Hasta cuándo se detendrá la sed de sangre de la violencia, que día a día interrumpe la vida de algún ciudadano para saciarse. Hasta cuándo más familias cargando a cuestas con el dolor de haber perdido algún familiar y con la incertidumbre de ser un caso más para las estadísticas mortuorias. Hasta cuándo más hijos, padres, hermanos, esposos, viudas, abandonados a su suerte, clamando justicia, porque las balas asesinas de un desalmado decidieron truncar los días de sus seres queridos.
La madre patria agoniza cada momento y somos incapaces de acudir en su auxilio. Los jinetes de la impunidad y la corrupción galopan sin cesar adueñándose cada vez más del territorio nacional, de nuestros niños y jóvenes llamados a enlistarse en una guerra entre hermanos, sin nombre, sin causa ni razón, sin esperanza ni compasión.

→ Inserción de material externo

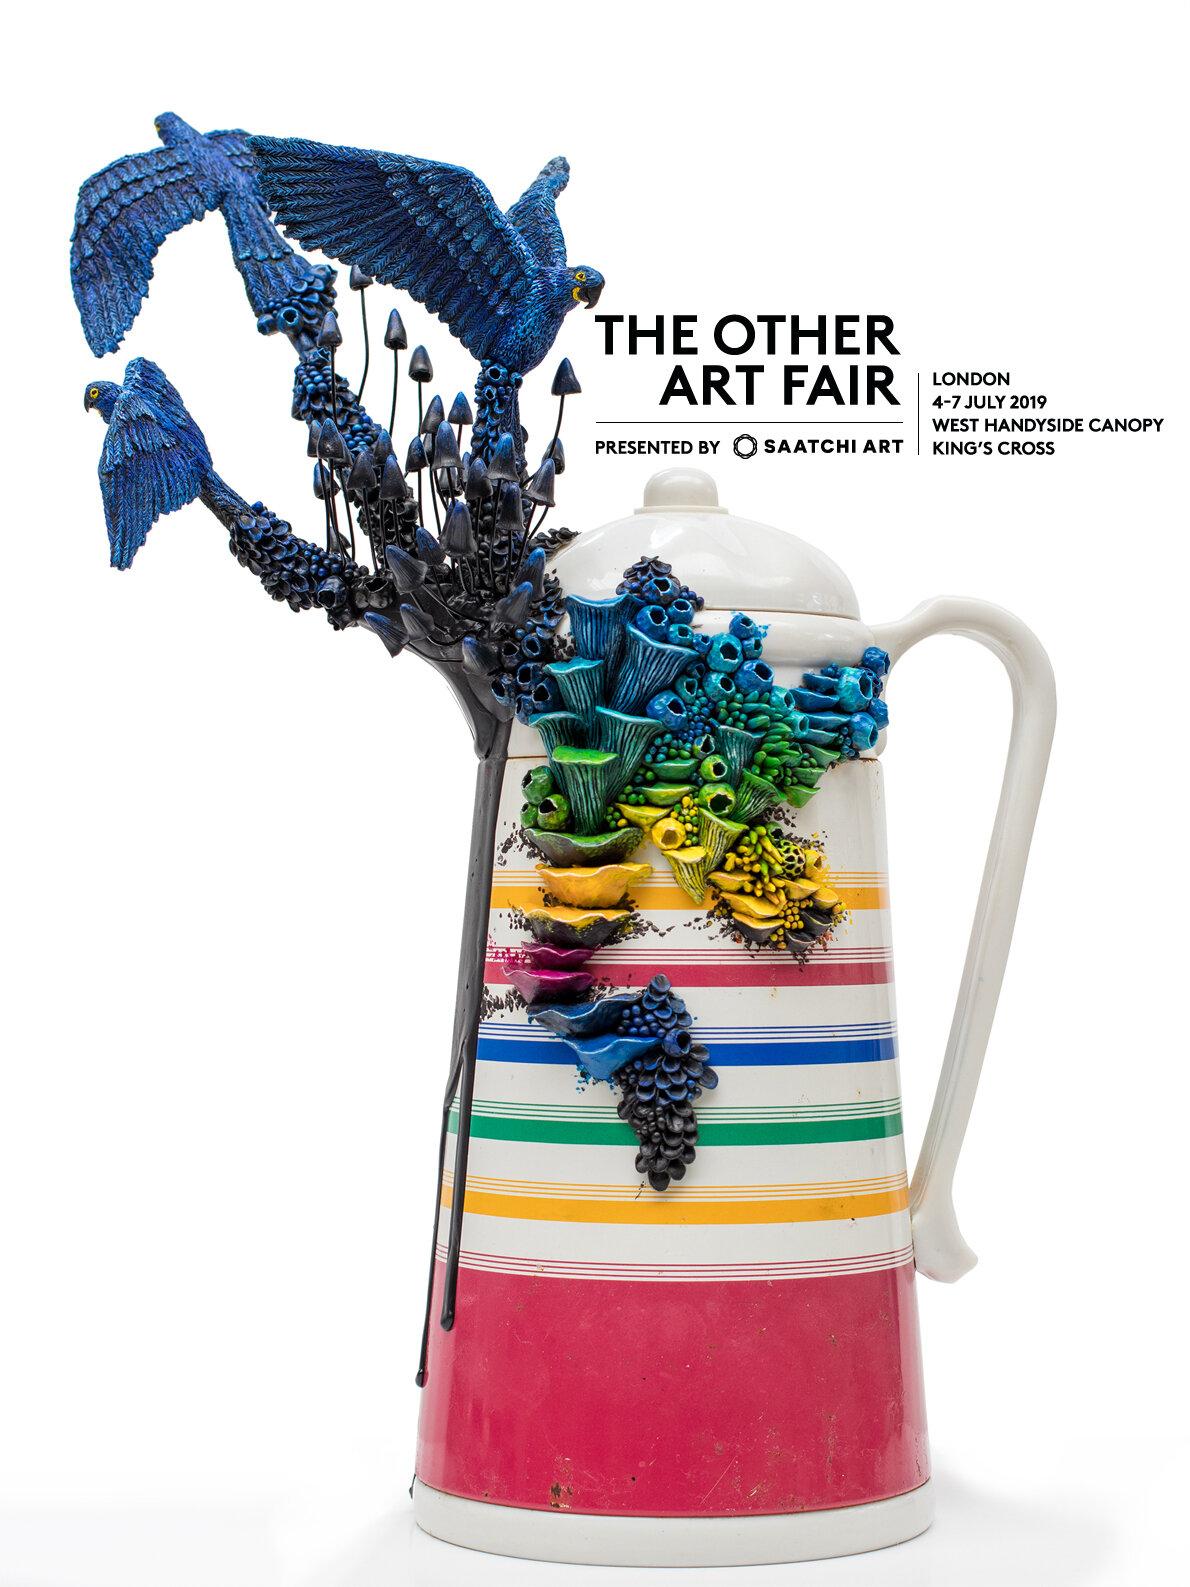 其他艺术博览会,风信子金刚鹦鹉,11选5技巧,2019年,斯蒂芬妮·基尔加斯特

Los días transcurren y la lista de muertes se agiganta. Mientras tanto, nos familiarizamos y nos conformamos con la situación que nos ha tocado vivir, pues sin querer nos convertimos en testigos silenciosos de la sombra enrojecida de la violencia que deja en su cabalgar las huellas de la muerte y el desamparo en una sociedad a punto de colapsar, con una justicia ciega y sordomuda.